= Hop diffusion =

Hop diffusion is a non-Brownian diffusion of proteins and lipid molecules within the plasma membrane.
Hop diffusion occurs due to the discontinuity of the cell cytoplasmic membrane.
According to the fences and pickets model, plasma membrane is compartmentalized by actin-based membrane-skeleton "fences", that occur when cytoplasmic domains collide with the actin-based membrane skeleton; and anchored-transmembrane protein "pickets". Due to these obstacles membrane proteins undergo temporary confinement within 30–700- nm compartments with infrequent intercompartmental hops.
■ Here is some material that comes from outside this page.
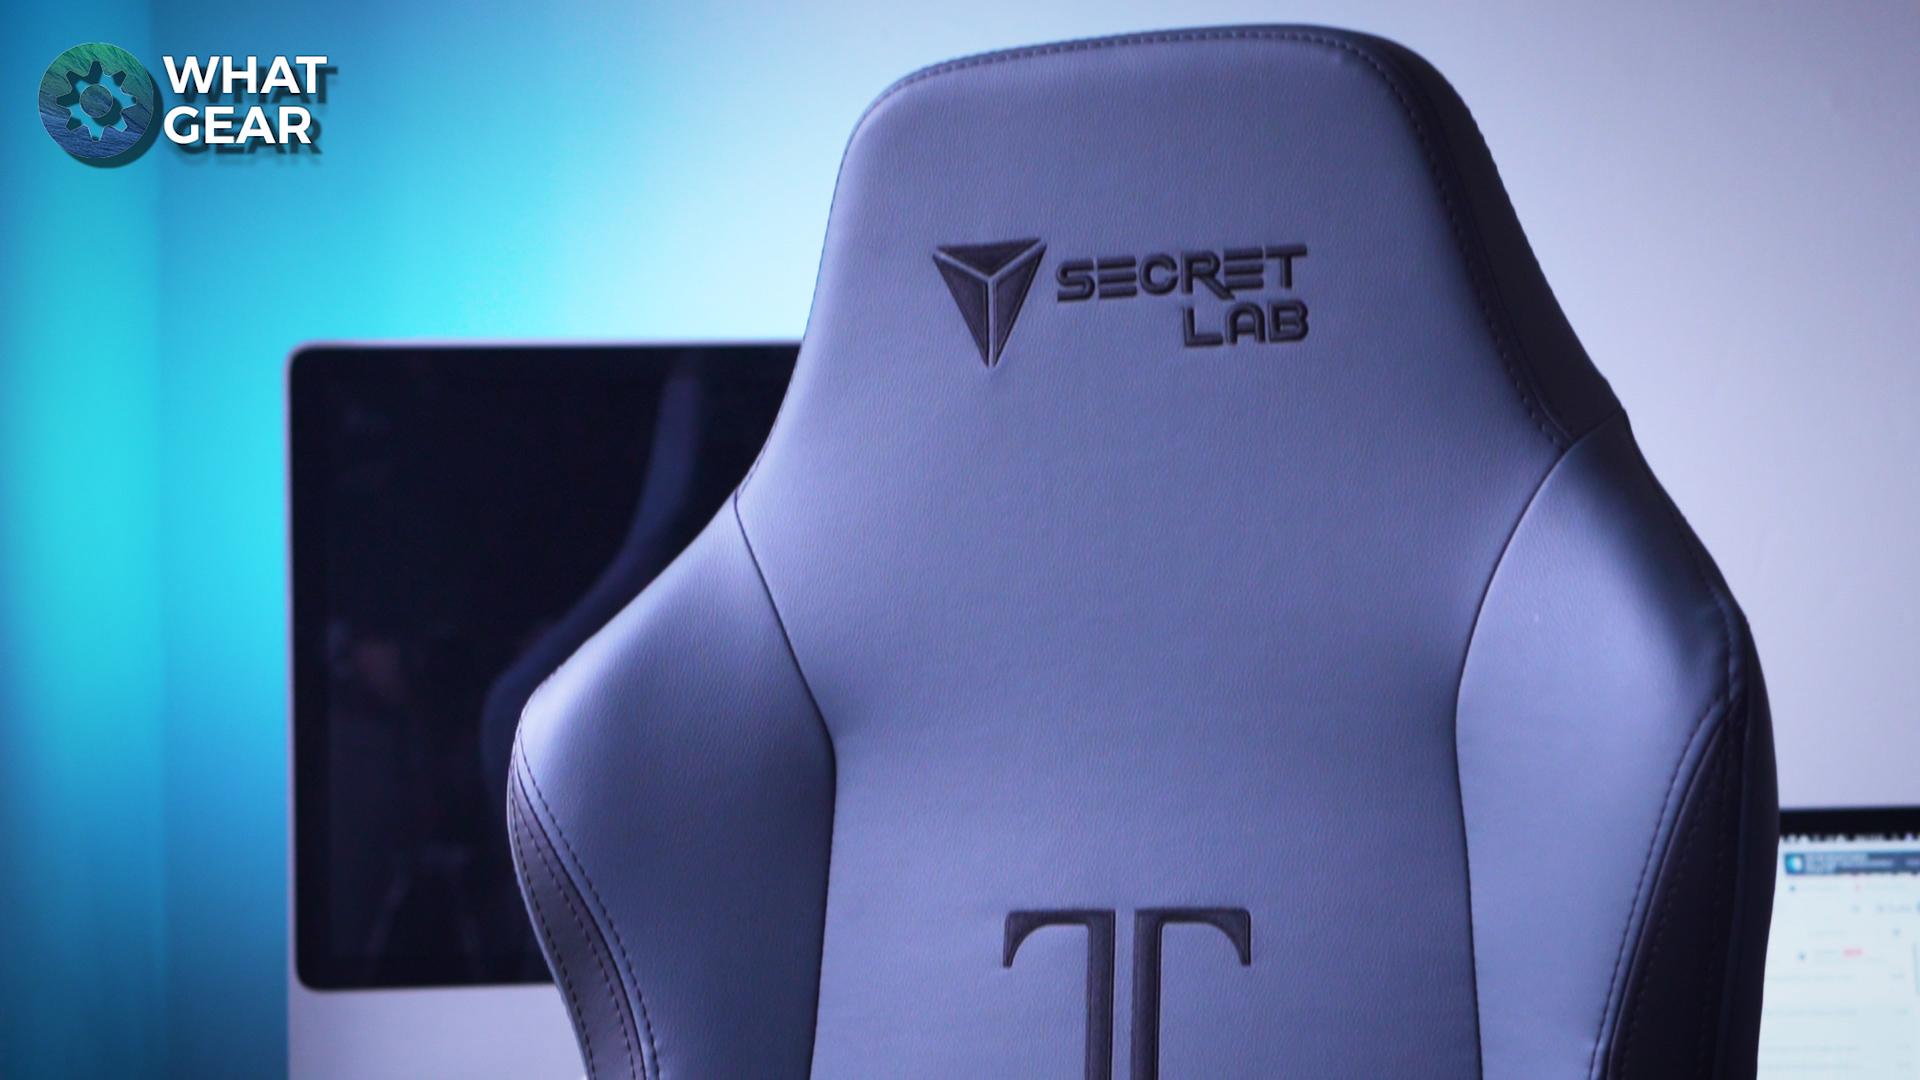 secretlab gaing chaire review.jpg

Hops between adjacent compartments occur due to:
- thermal fluctuations of the membrane and following creation of spaces between cytoplasmic membrane layer and cytoskeleton, large enough to allow the passage of integral membrane proteins
- temporal actin filament breakage
- membrane molecules have sufficient kinetic energy to cross the barrier

While simple Brownian diffusion is isotropic and homogeneous, hop diffusion is more complex and combines free diffusion, which occurs inside cell membrane compartments, and infrequent intercompartmental transitions (hops). The complexity of this type of anomalous diffusion is further enhanced due to an inherent broad distribution of compartment sizes.